Glyphosate is primarily an agricultural herbicide, and RMP facilities typically manage industrial chemicals. The moderate positive Pearson correlation suggests a potential overlap between industrial areas and agricultural zones or the widespread presence of glyphosate in industrial settings. This overlap could indicate that glyphosate is used or produced in processes linked to these facilities, highlighting an intersection between industrial and agricultural chemical management.

Thus, Roanoke and Covington may be areas where environmental and public health risks might be compounded. High glyphosate levels combined with the presence of RMP facilities suggest these areas face dual exposures: from glyphosate itself and other hazardous chemicals managed by these facilities. This dual exposure can have cumulative effects on human health and the environment, exacerbating risks and necessitating targeted intervention strategies.

Understanding this relationship can guide regulatory bodies in refining their monitoring and mitigation strategies. It underscores the need for integrated environmental policies that consider both agricultural and industrial chemical exposures.
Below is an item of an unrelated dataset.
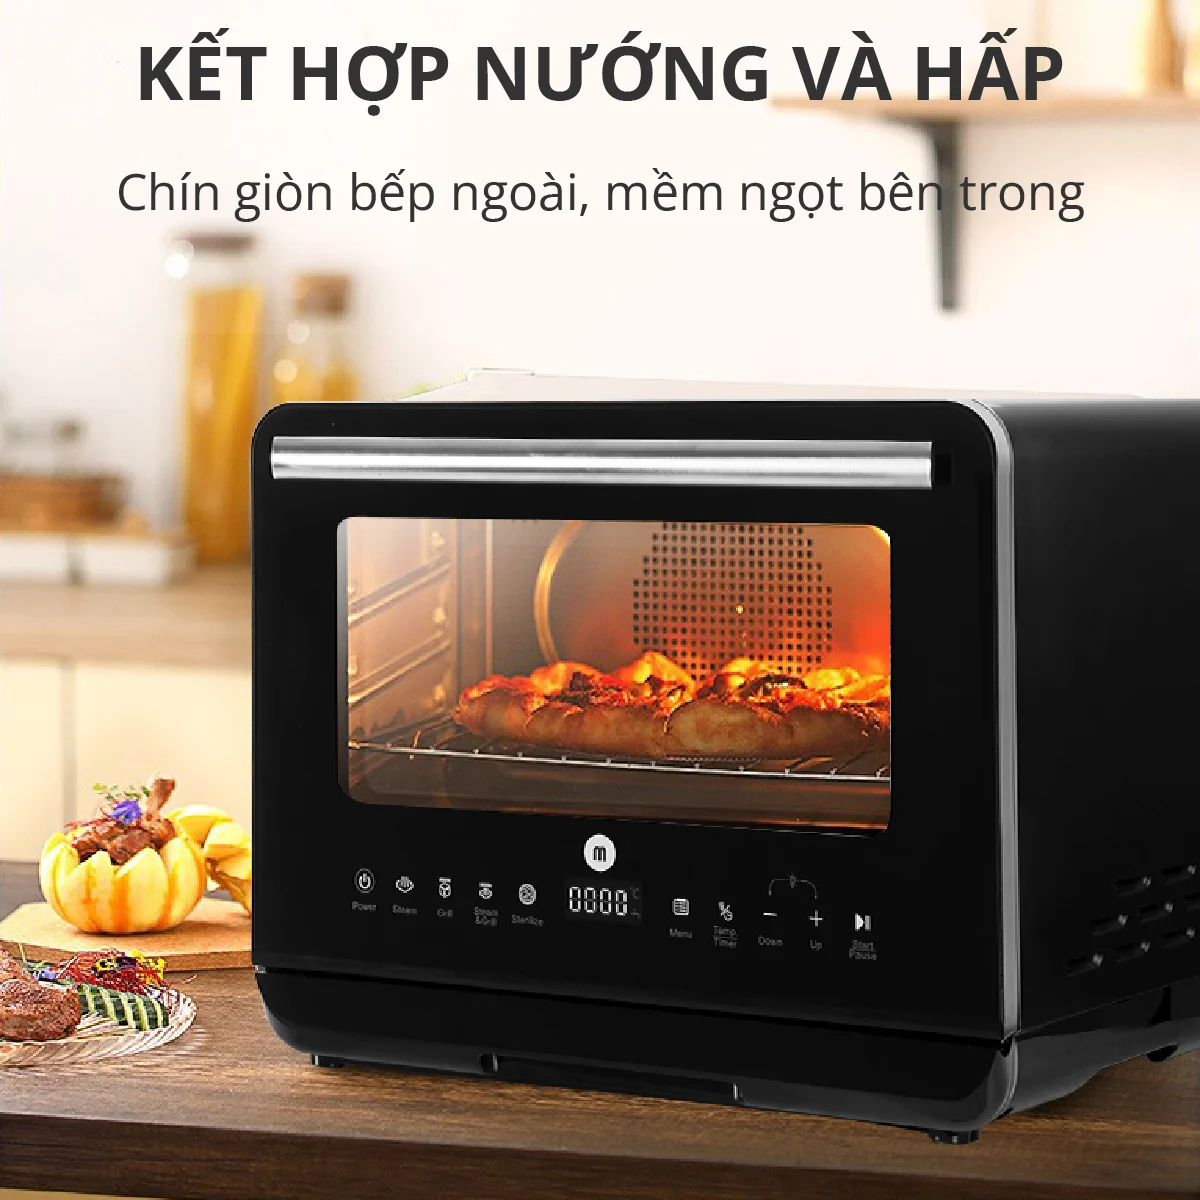 mochanstore.com Noi Chien khong dau Hoi Nuoc Mishio MK318 20l menu 50 chuc nang

Overall, the environmental and socioeconomic model predictions suggest that Roanoke and Covington require more rigorous testing and reporting for glyphosate levels. This case study can more broadly be used to guide testing protocol and resource allocations for local, state, and national environmental agencies, allowing for more accurate, efficient contamination control where necessary.

Limitations and Future Research

Glyphosate’s effects on humans and disproportionate usage in impoverished communities remain undetermined and debated.

Overall, future research must focus on long-term health impacts and promoting safer alternatives, integrating scientific research and robust policies to safeguard health and the environment. Additionally, the machine learning models developed in this study have demonstrated their utility in identifying high levels of glyphosate in areas that do not report usage, as shown through the predictions for Roanoke and Covington. The better-performing environmental model, which identified RMP facilities and lead paint as significant features, can guide future testing protocols and resource allocation for local, state, and national environmental agencies, enabling more efficient and targeted contamination control.

Despite achieving high accuracy, the model did not contain any significantly high correlations (possibly due to data quality from EPA and USGS). Thus, the model prediction was influenced by a combination of numerous subtle and complex factors rather than a few strong correlations. While more research must be conducted on model interpretability, this underscores the utility of machine learning, specifically tree models, in environmental management because they can uncover hidden patterns in high-dimensional data that typical statistical analyses may miss, guiding targeted environmental testing strategies and improving resource allocation.